And 35, performing second time shift correction and third time shift correction on the first PS wave initial CIP gather to obtain a first PS wave updated CIP gather.
In some possible implementations, the second time shift correction can be performed on the first PS-wave initial CIP trace set by equation six as follows.
Wherein DeltaT C Is the time shift of converted wave, V c Is the velocity of the converted wave, x s Is half of the offset distance of SS wave, V s Is the velocity of the S wave.
Wherein V is s Can be expressed by the following formula seven.
In some possible implementations, the third time shift correction may be performed on the first PS-wave initial CIP trace set after the second time shift correction by the following formula eight, to obtain a first PS-wave updated CIP trace set.
Wherein T is PS0 Is PS wave self-excitation self-time, V C The following formula nine can be used.
And 36, performing root mean square velocity analysis on the first PS wave updated CIP gather to obtain a target gamma model.
After the second time shift correction and the third time shift correction, performing root mean square velocity analysis on the corrected first PS wave update CIP trace set, and obtaining updated V according to the following formula ten C And update T pp0 And T ps0 And obtaining a target gamma model.
Wherein T is ps0 Is self-excitation time of PS wave, T pp0 Is the PP wave self-excitation self-time, i and j are the time sequences of the PP wave and PS wave T0 time domain, respectively.
In some embodiments, in step S40, a PS wave target CIP trace set may be obtained from the P wave target offset velocity model and the target γ model by the following substeps.
And 41, dividing the seismic source into a plurality of sector areas at the imaging points according to a preset rule.
Step 41 is similar to the step of step 21 and will not be described again here.
And 42, respectively determining a second PS wave sub CIP gather according to the P wave target offset velocity model and the target gamma model in each fan-shaped region.
First, an initial PS-wave sub CIP trace set may be generated from the P-wave target offset velocity model and the target gamma model, respectively.
Then, performing time shift correction on the initial PS-wave sub-CIP trace set to obtain a second PS-wave sub-CIP trace set.
The step of performing time shift correction on the initial PS-wave CIP trace set may be referred to as step 33 and step 35, and the corresponding formulas are formula four, formula six and formula eight, respectively. And will not be described in detail herein.

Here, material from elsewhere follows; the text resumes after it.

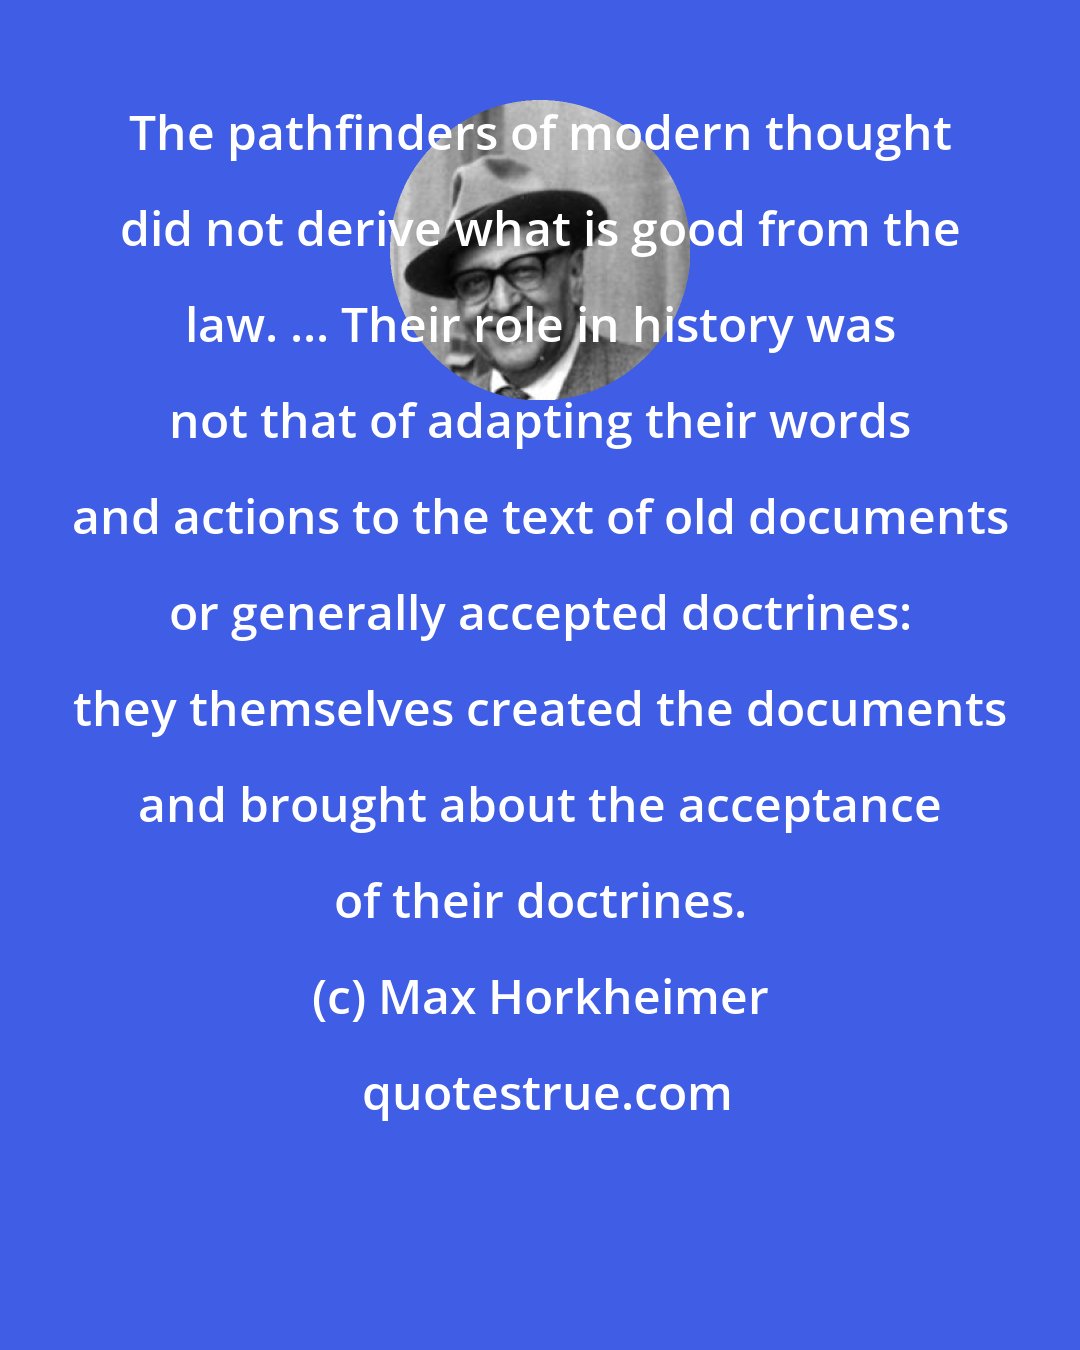 Max Horkheimer: The pathfinders of modern thought did not derive what is good from the law. ... Their role in history was not that of adapting their words and actions to the text of old documents or generally accepted doctrines: they themselves created the documents and brought about the acceptance of their doctrines.

Step 43, dividing the second PS-wave sub-CIP trace set into a first offset PS sub-trace set and a second offset PS sub-trace set according to a preset offset threshold.
For example, a gather with an offset in the second PS-wave sub-CIP gather less than a preset offset threshold may be used as the first offset PS-sub-gather, and a gather with an offset in the second PS-wave sub-CIP gather greater than or equal to the preset offset threshold may be used as the second offset PS-sub-gather.
And step 44, respectively obtaining a first converted wave model and a second converted wave model according to the first offset PS sub-track set and the second offset PS sub-track set.
In some possible implementations, root mean square velocity analysis is performed on the first offset PS sub-track set and the second offset PS sub-track set respectively to obtain a first converted wave model and a second converted wave model, which are respectively used by V C And V' c And (3) representing.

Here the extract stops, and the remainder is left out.